In the material below, find the line with "Sunny orange Mini"; set down that line and every line after it to the end, exactly, without pictures.

Supplied material:

===

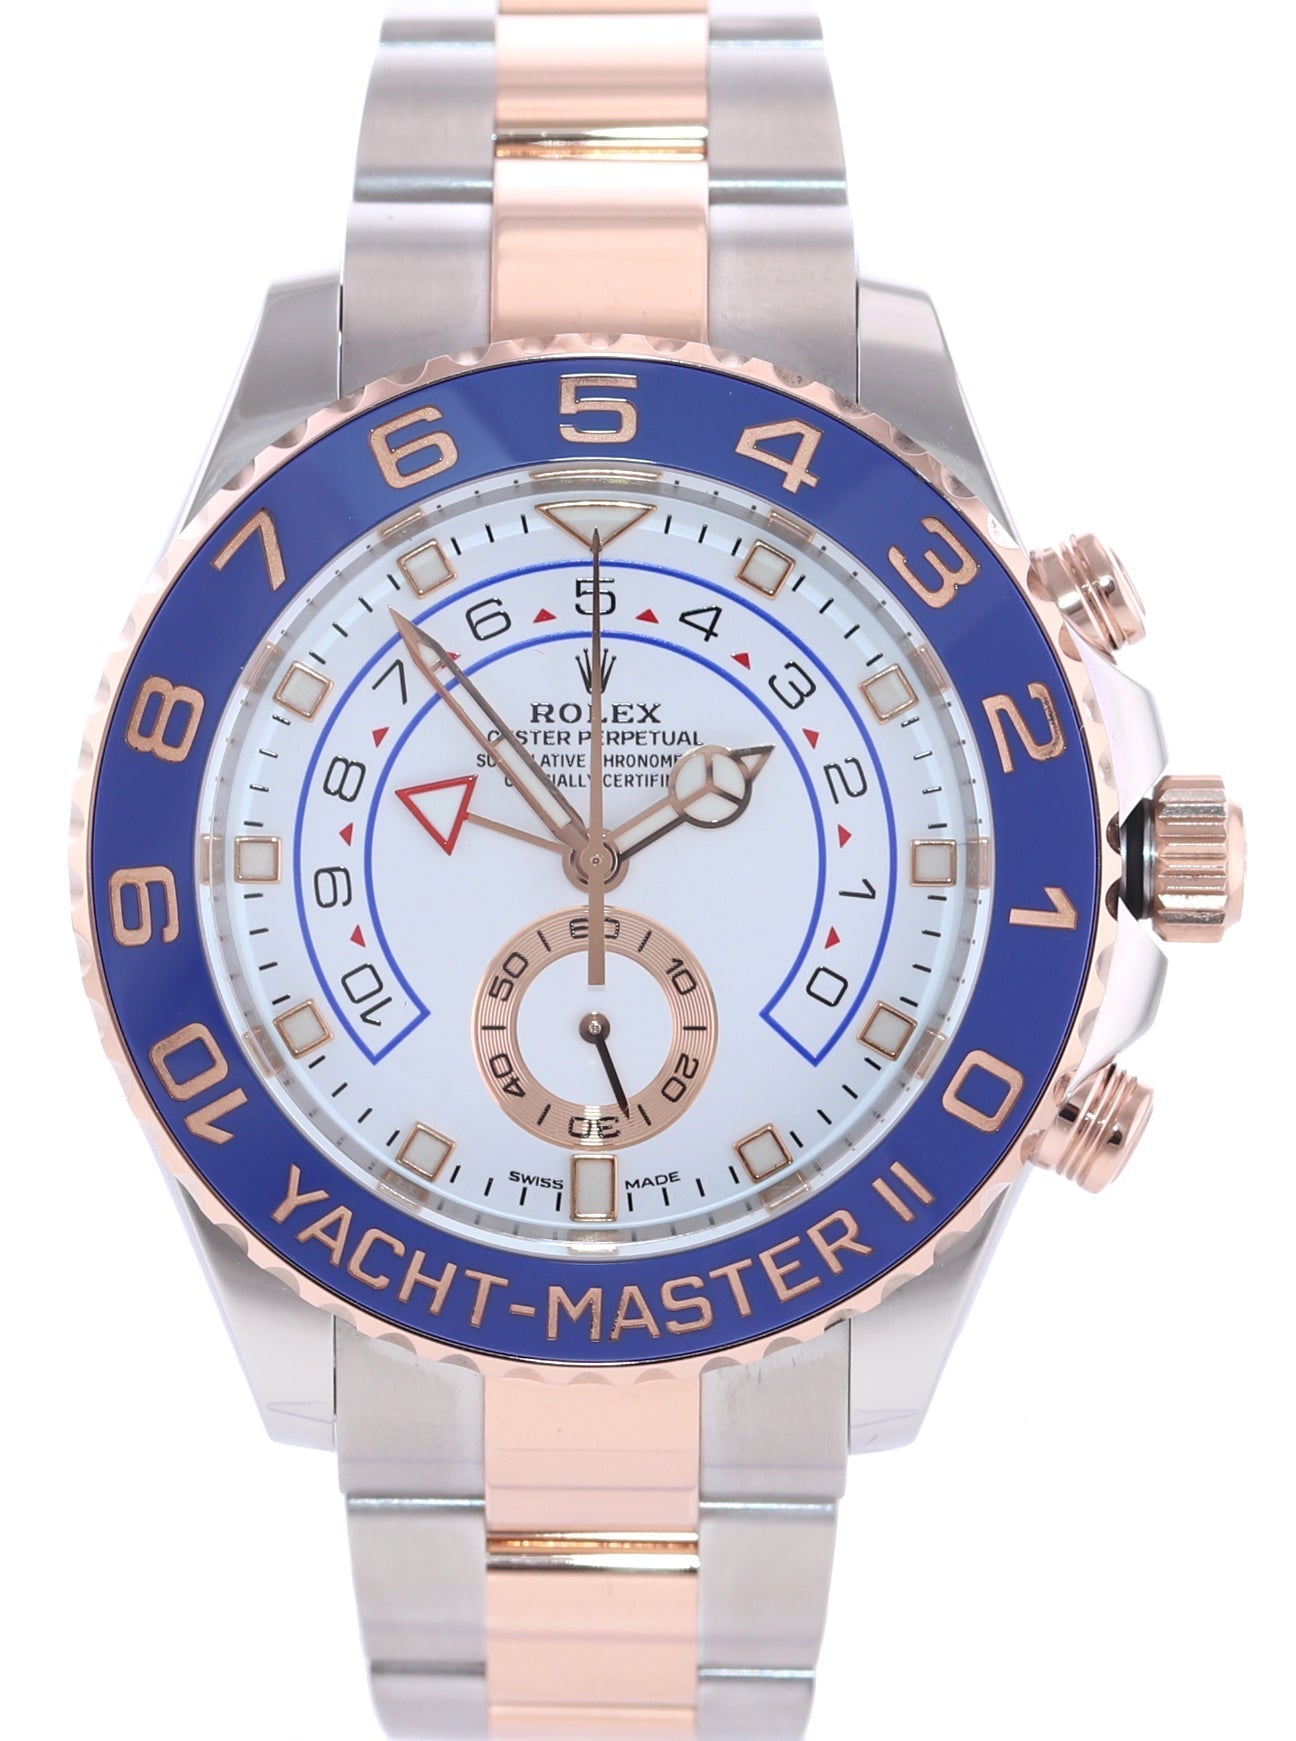 2018 PAPERS Rolex Yacht-Master II 116681 Steel Everose Gold Mercedes Hands Watch Box
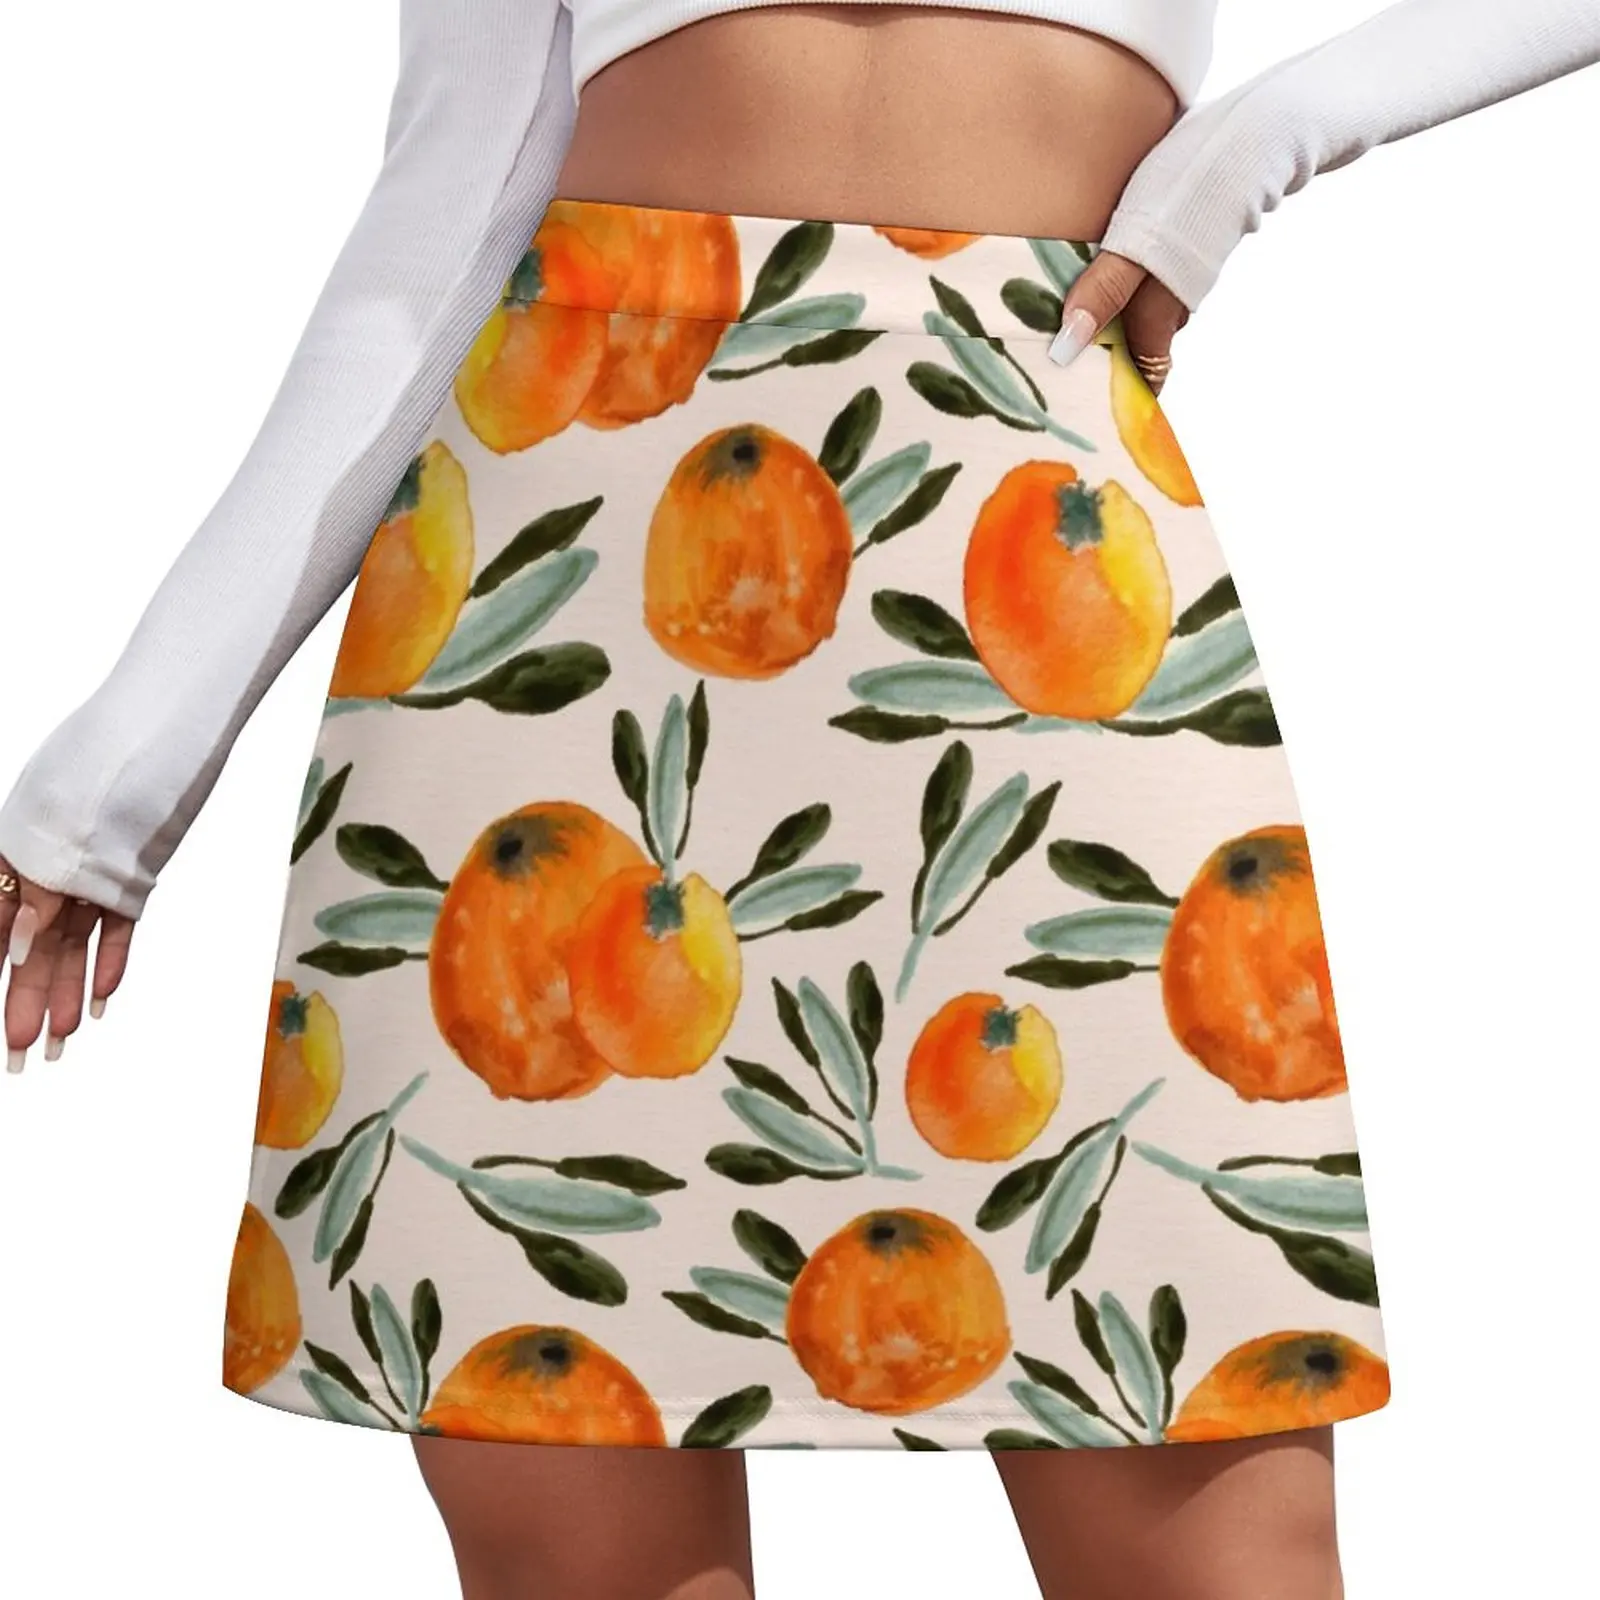 Sunny orange Mini Skirt night club outfit luxury designer clothing women
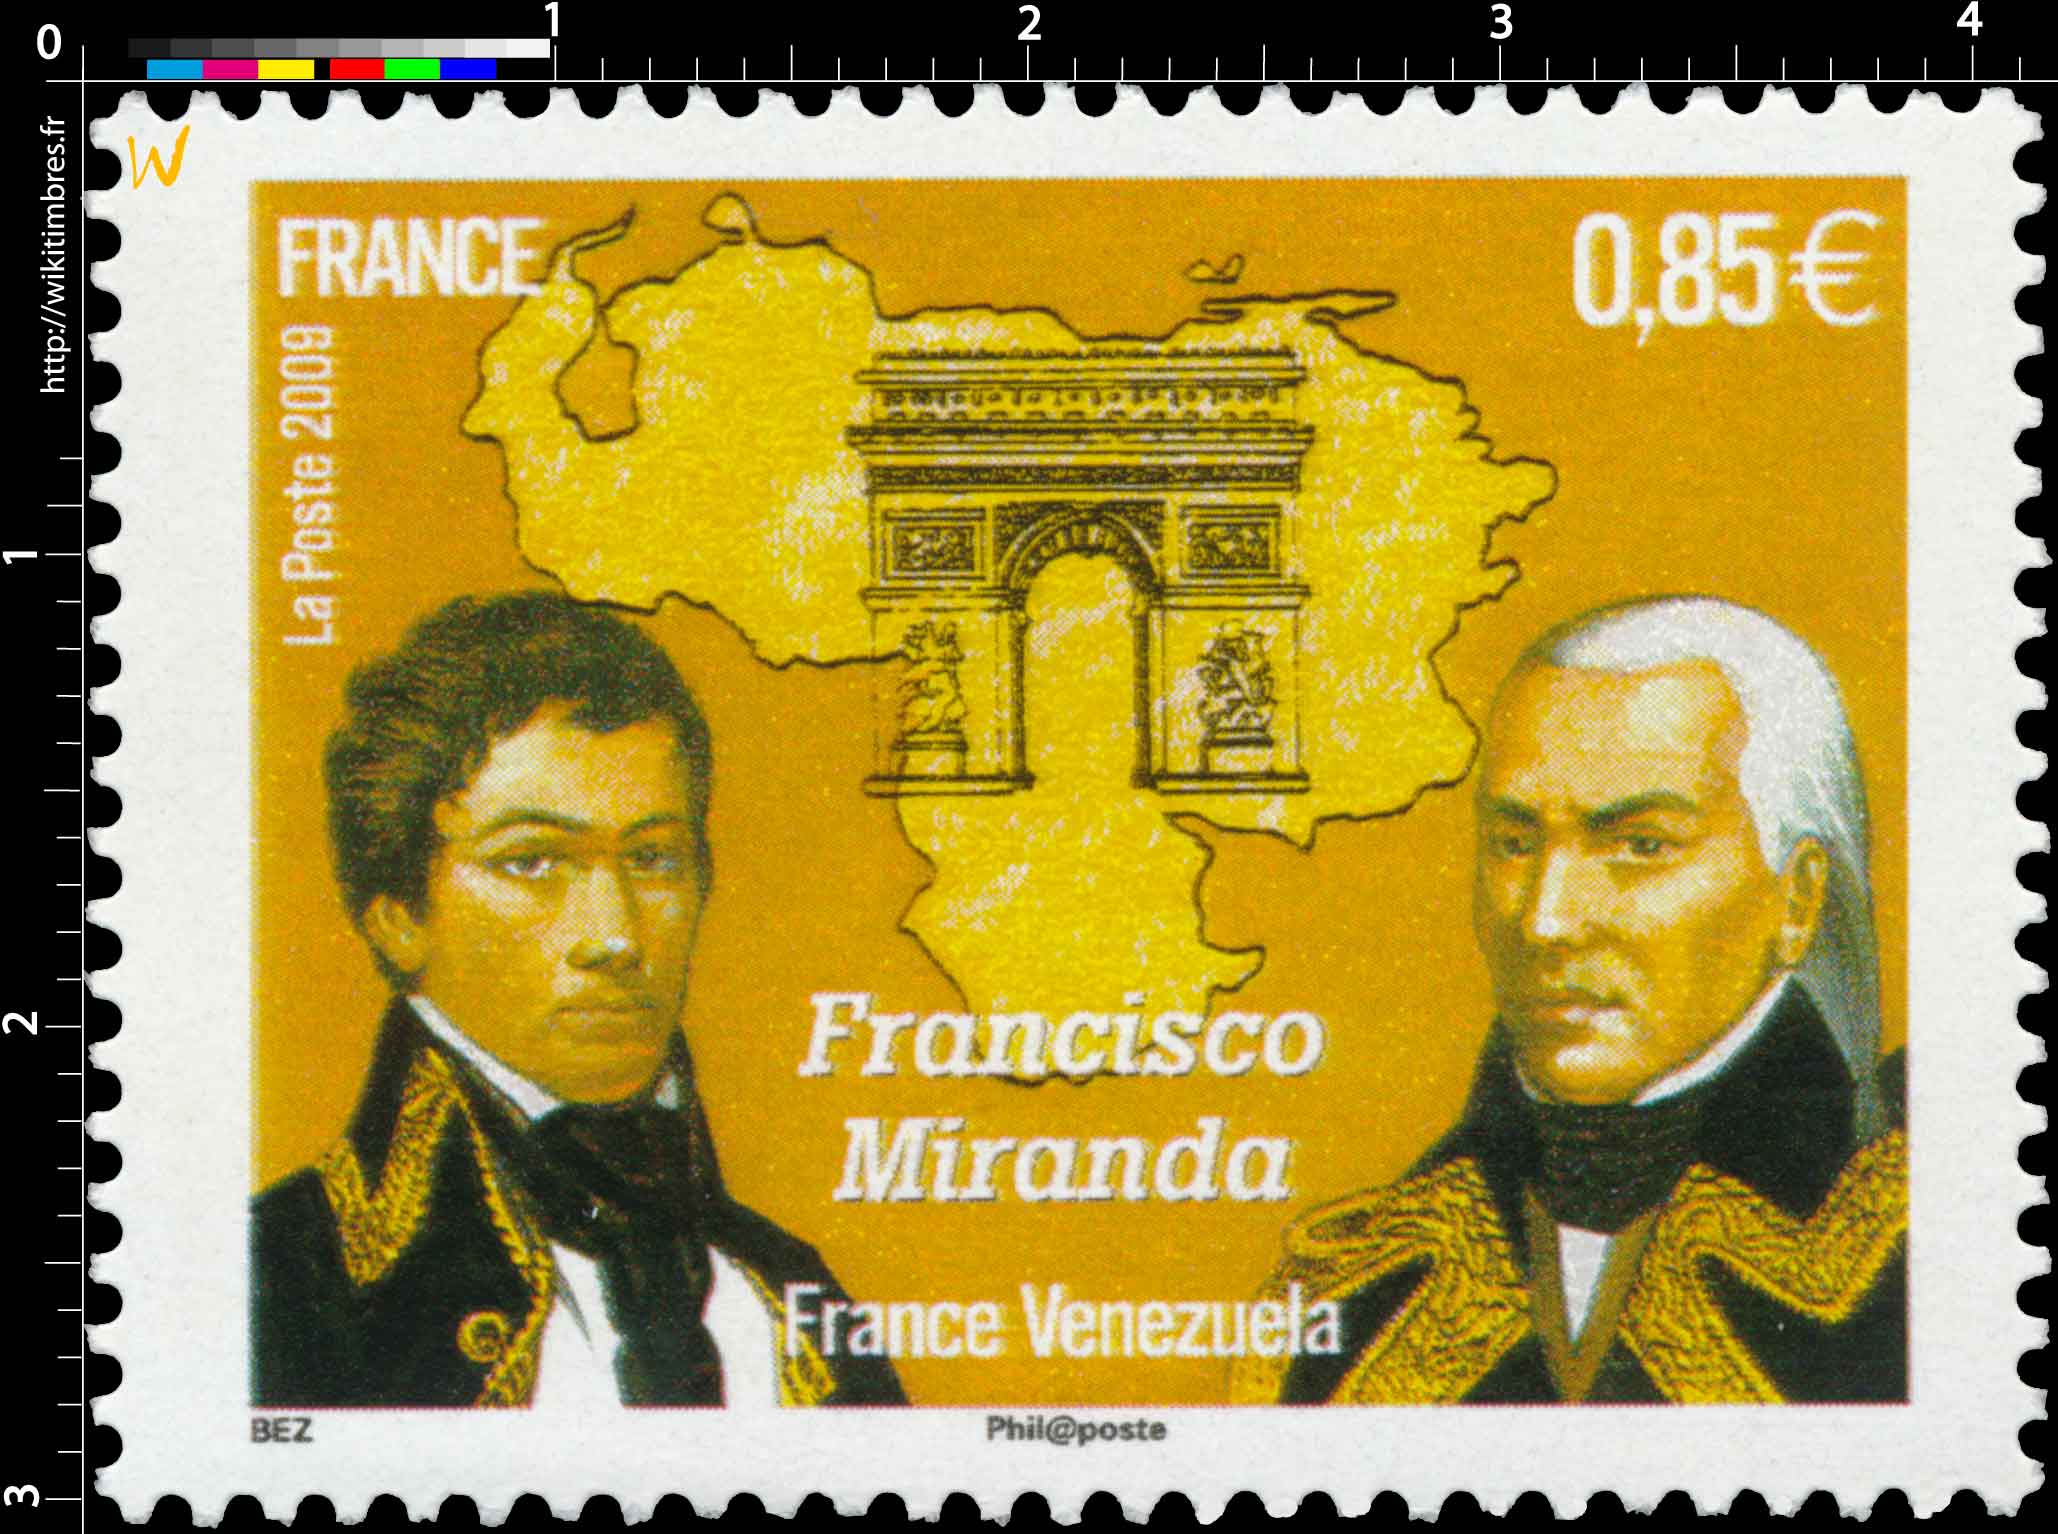 2009 Francisco Miranda France Venezuela

===

Answer section:
 Sunny orange Mini Skirt night club outfit luxury designer clothing women
 2009 Francisco Miranda France Venezuela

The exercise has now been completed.